Other technological advances have also made major impacts on the structural biology field. For example, live-cell optical imaging, such as lattice light-sheet microscopy combined with deep-learning-based data analyses, has already achieved unprecedented spatial and temporal resolutions at the single-molecule level in the context of living cells51. Protein structures predicted by the deep-learning-based programs AlphaFold and RoseTTAFold have now become remarkably accurate52,53, representing a further important advance in structural biology as they can rapidly generate atomic models (including some SARS-CoV-2 proteins54,55) on the proteomic scale that not only can guide functional studies, but can also serve as initial models for structure determination by experimental methods. These developments are revolutionizing the way in which we study molecular events of biological processes such as viral infection, marking a new era of structural biology that directly connects static atomic models with dynamic events in a crowded cellular environment.

What are the next methodological challenges in structural biology? In cryo-EM, most of the initially selected particles from a cryo grid are rejected as ‘junk’, even from a biochemically ‘clean’ preparation, and are thus removed from subsequent data processing to filter for a few ‘good’ classes that are homogenous enough for sufficient alignment to reach high resolutions. It is unclear whether those ‘bad’ particles are indeed misfolded or damaged molecules (for example, due to well-documented denaturation at the air–water interface56), or simply physiologically meaningful species in low abundance or with intrinsic conformational dynamics that are difficult to align. It is possible that certain important structural information is discarded along with the genuinely damaged particles. In cryo-ET, which represents a fast-evolving frontier in electron microscopy, there is still much to be desired for the resolution that can be achieved.

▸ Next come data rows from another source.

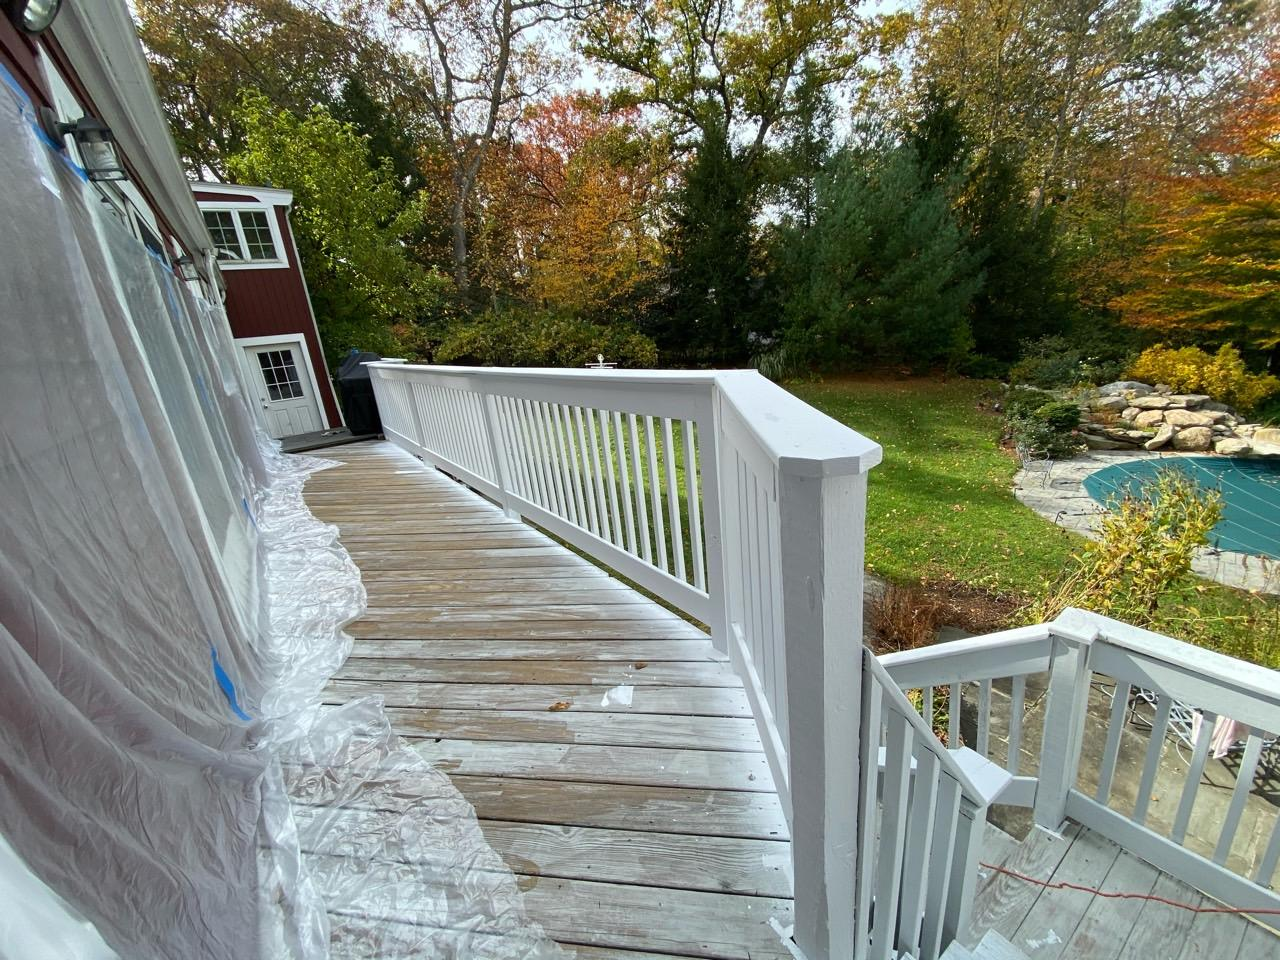 Deck Staining - Stamford Deck Staining - Railing Pimer ...
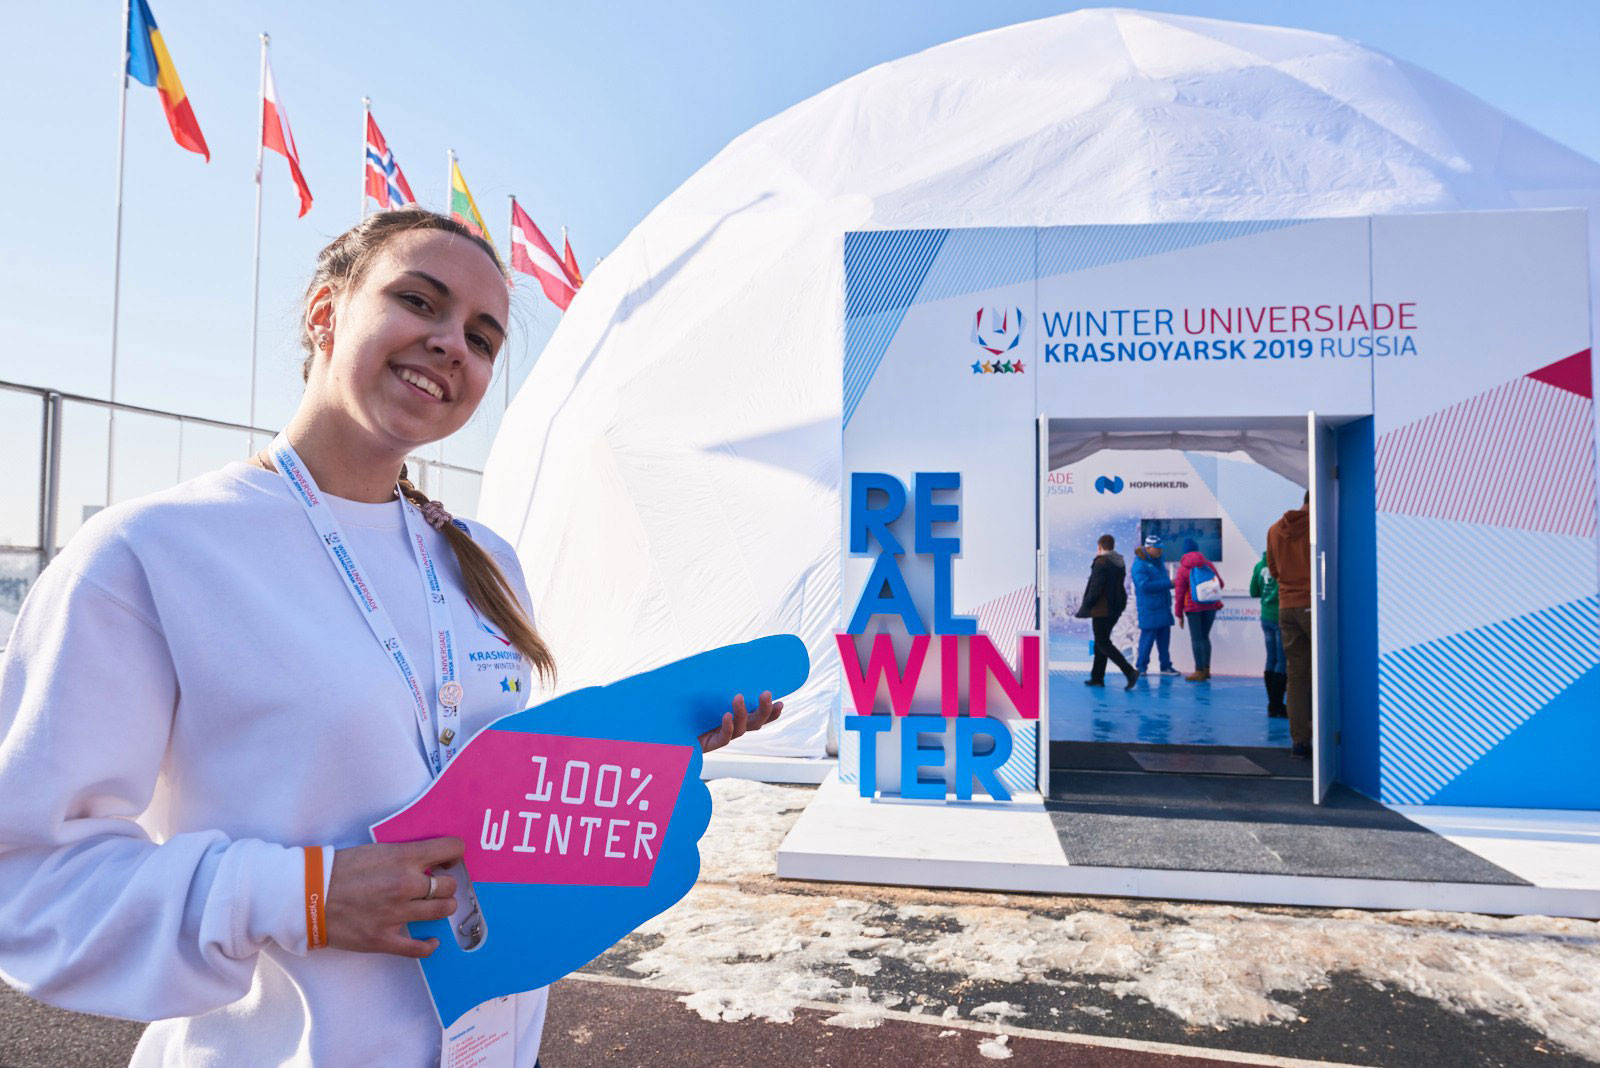 FISU President Oleg Matytsin hopes that a team from Ukraine will compete at the Krasnoyarsk 2019 ©Krasnoyarsk 2019
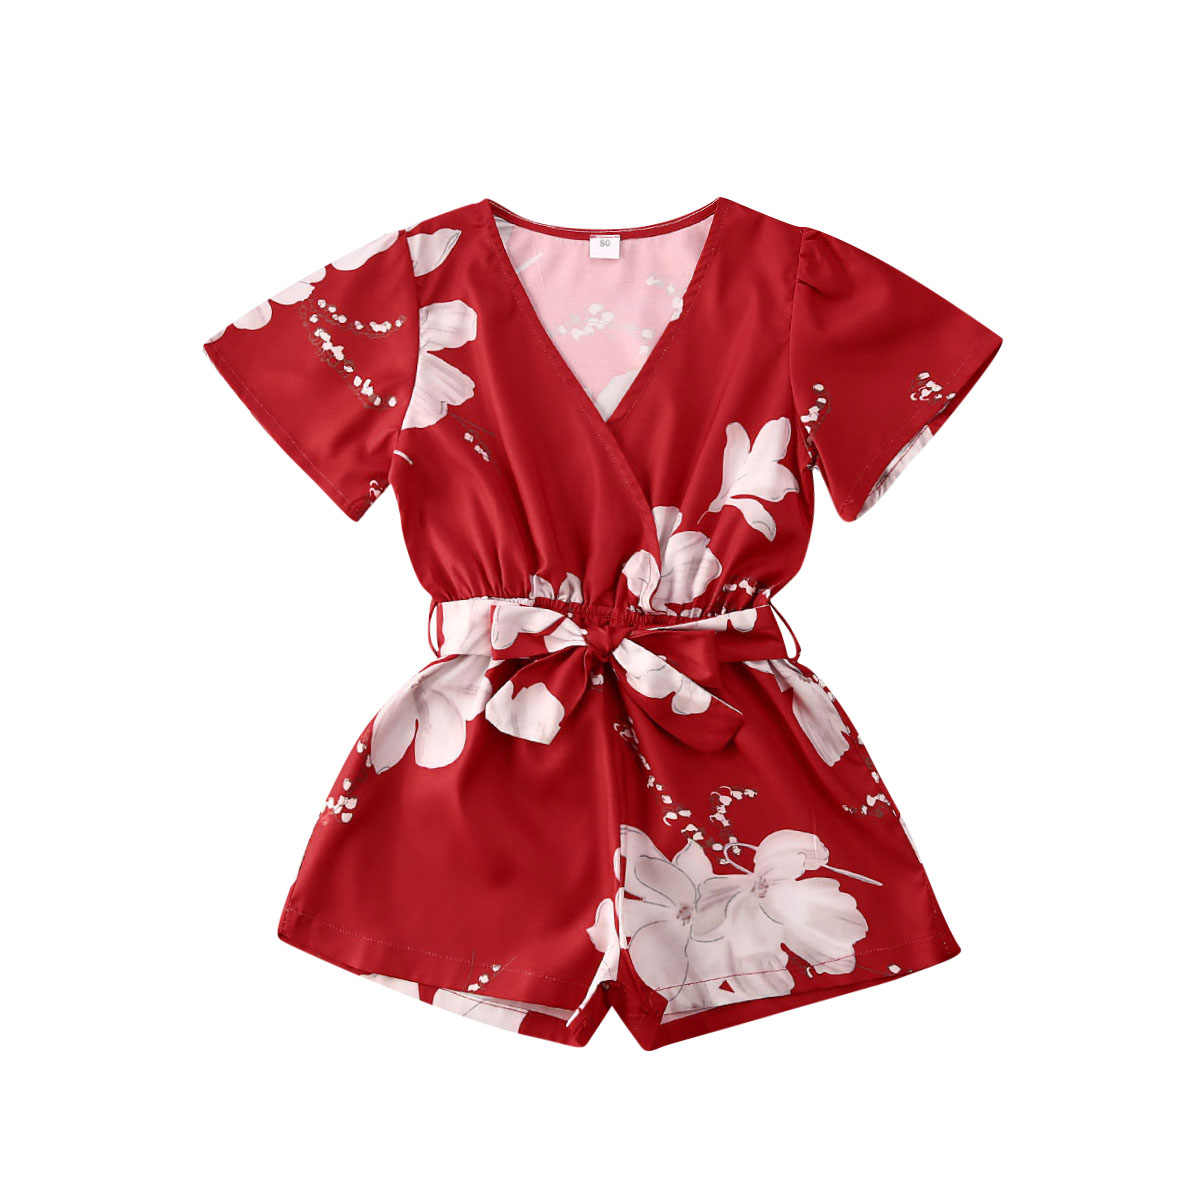 Summer Baby Boys Girl Kids Short Sleeve Heart Print Romper Round Collar Jumpsuit

Moreover, small regions embedded in membranes are invisible from many cryo-ET reconstructions even though there should be enough contrast to reveal them if enough tomograms are collected, at least in theory. Finally, as powerful as artificial-intelligence-based programs, such as AlphaFold, have already been for structure prediction, high levels of accuracy are still heavily biased to those that have set a homology model determined by experimental methods during training57. Predicting the structure of a large and complex protein with ligands or posttranslational modifications continues to be a formidable challenge.

Structural biology has become an indispensable tool for understanding biology and medicine, and continues to evolve rapidly. We should not be surprised if an atomic image of a complete virus particle is one of the first results released at the onset of any future pandemic comparable to the one caused by SARS-CoV-2.